• [TASK TO CARRY OUT] Could you please output all of the data exactly, without the images?

• [DATA EXCERPT]
=-=-=-=-=
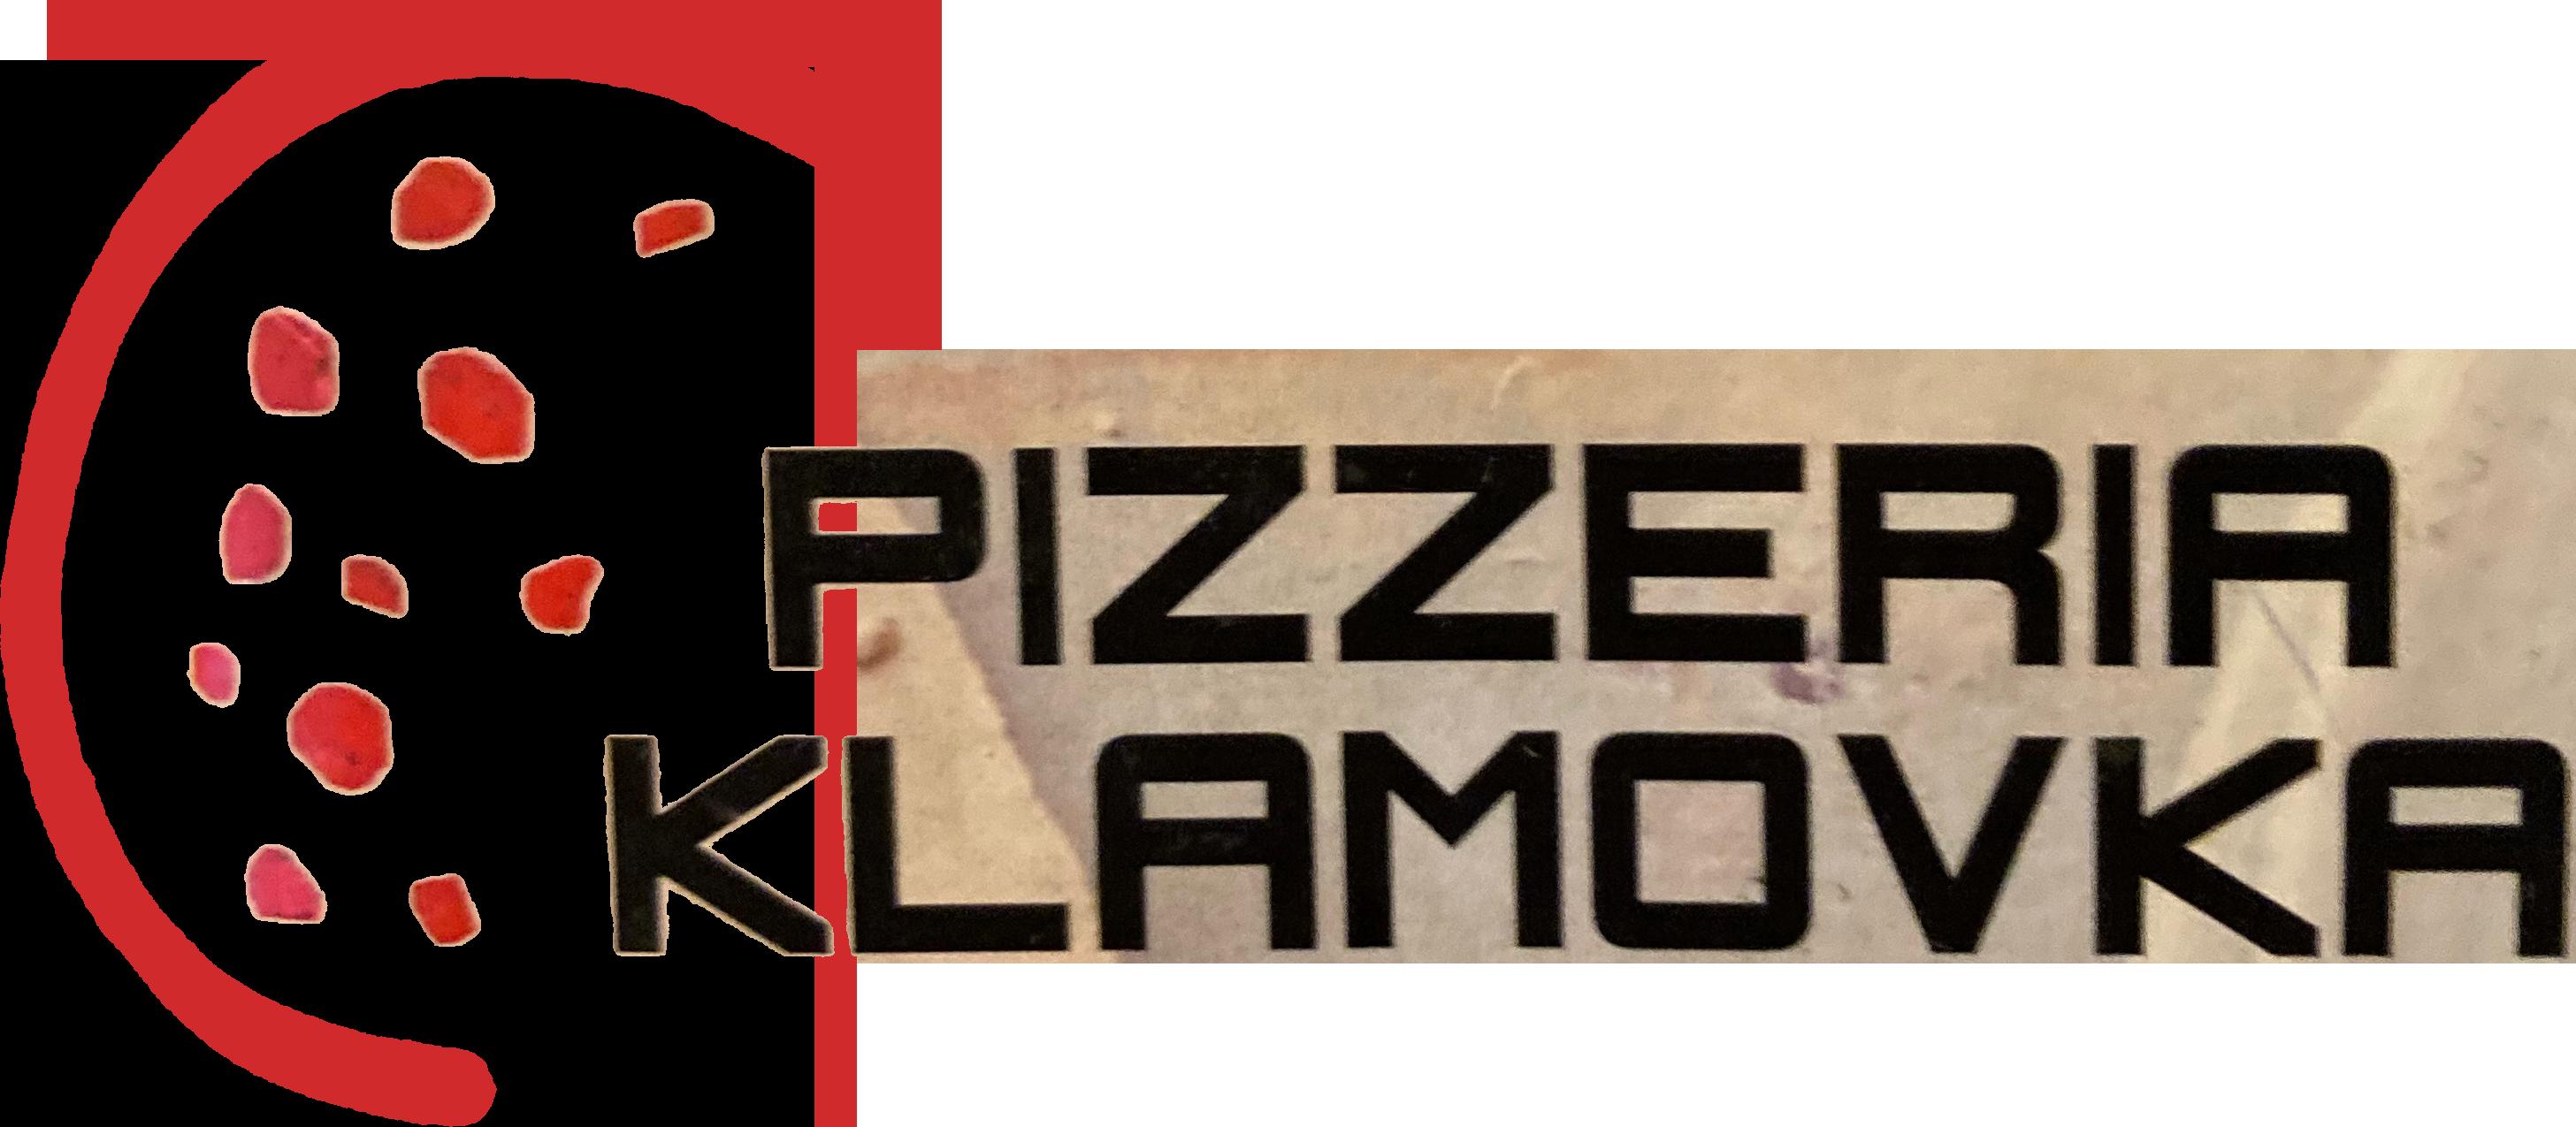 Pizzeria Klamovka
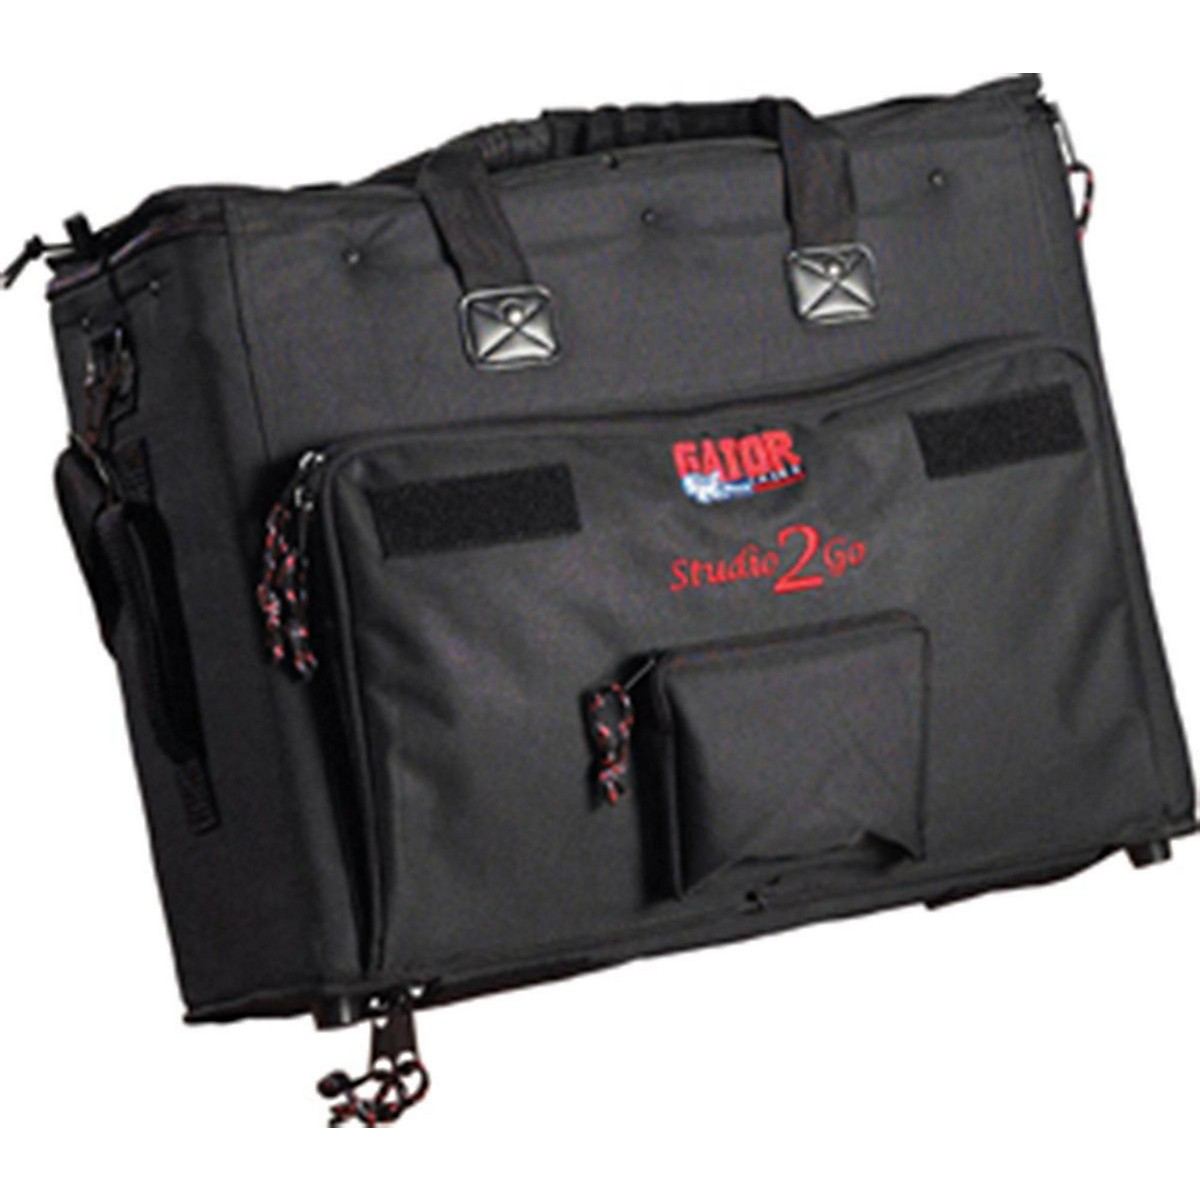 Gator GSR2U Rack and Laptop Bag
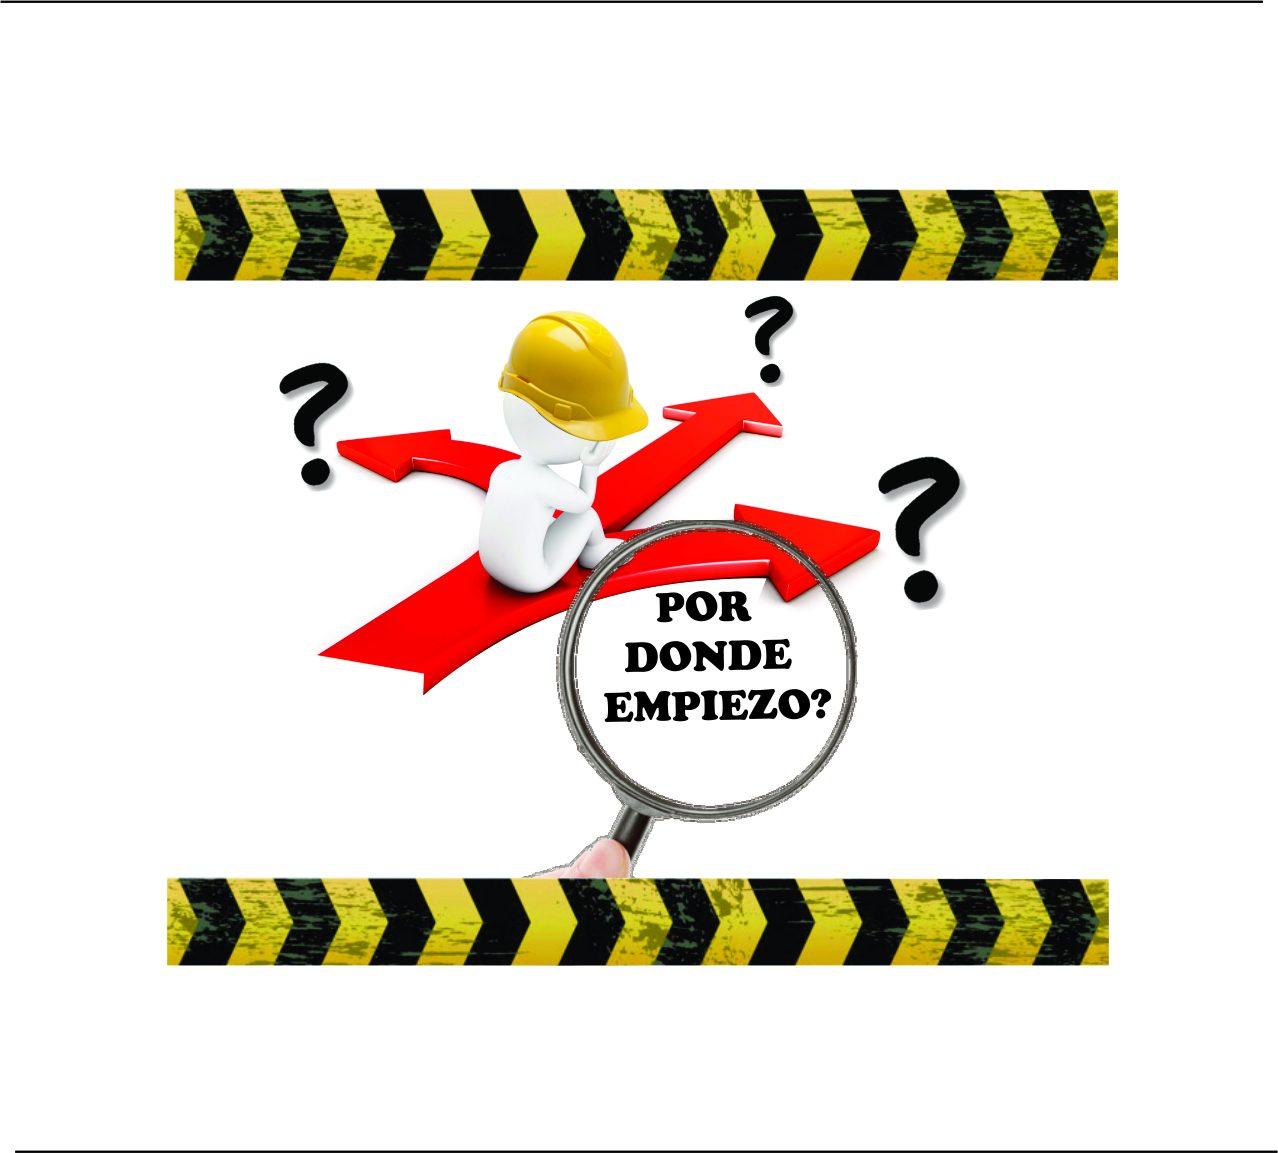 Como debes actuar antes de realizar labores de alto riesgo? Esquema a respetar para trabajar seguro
=-=-=-=-=
• [REPLY TO THE TASK]
 Pizzeria Klamovka
 Gator GSR2U Rack and Laptop Bag
 Como debes actuar antes de realizar labores de alto riesgo? Esquema a respetar para trabajar seguro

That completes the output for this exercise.